Singles from Fatal Love
- "Love Killa" Released: November 2, 2020;

= Fatal Love (album) =

Fatal Love is the seventh and the third Korean-language studio album by the South Korean boy group Monsta X. It was released by Starship Entertainment and distributed by Kakao M on November 2, 2020.

== Background and release ==
The album was announced on October 5, 2020. The title track for the album is "Love Killa". The group collaborated with labelmates Brother Su and Jooyoung, as well as singer Eric Nam and DJ Justin Oh, for the production of the album.
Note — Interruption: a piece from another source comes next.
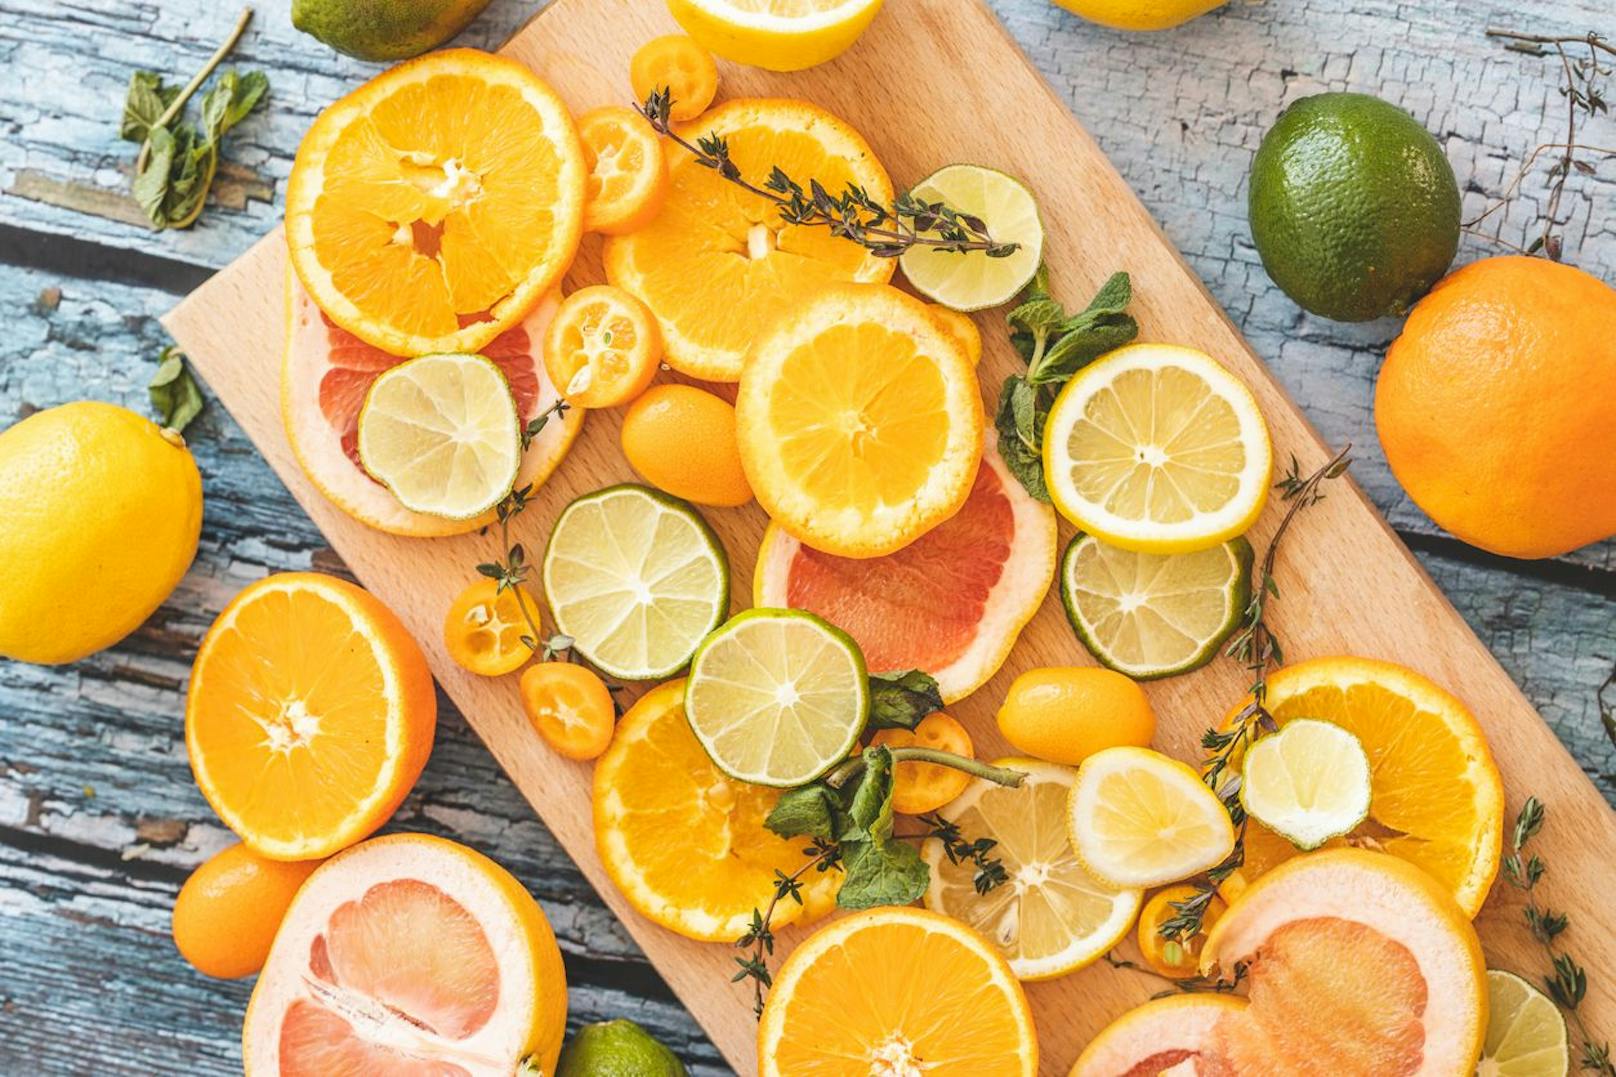 Orangen, Zitrone und so ziemlich alle weitern Lebensmittel, die Vitamin C enthalten fördern deinen Körper und kurbelt deinen Fettstoffwechsel an.

Additionally, the album includes Hyungwon's first song, which he is credited in all aspects of the production, including writing, composing, and arranging, for the song "Nobody Else".

The physical album was released in four versions.

==Critical reception==
According to Faith Jung of SCMP, the album can be summed up in two words: "power" and "charisma", adding that it is a record "packed with bops perfect for dancing". This album proves that they can "come back harder and better with each new release", and each song exemplifies their "distinct style", while complementing the album's "deadly concept".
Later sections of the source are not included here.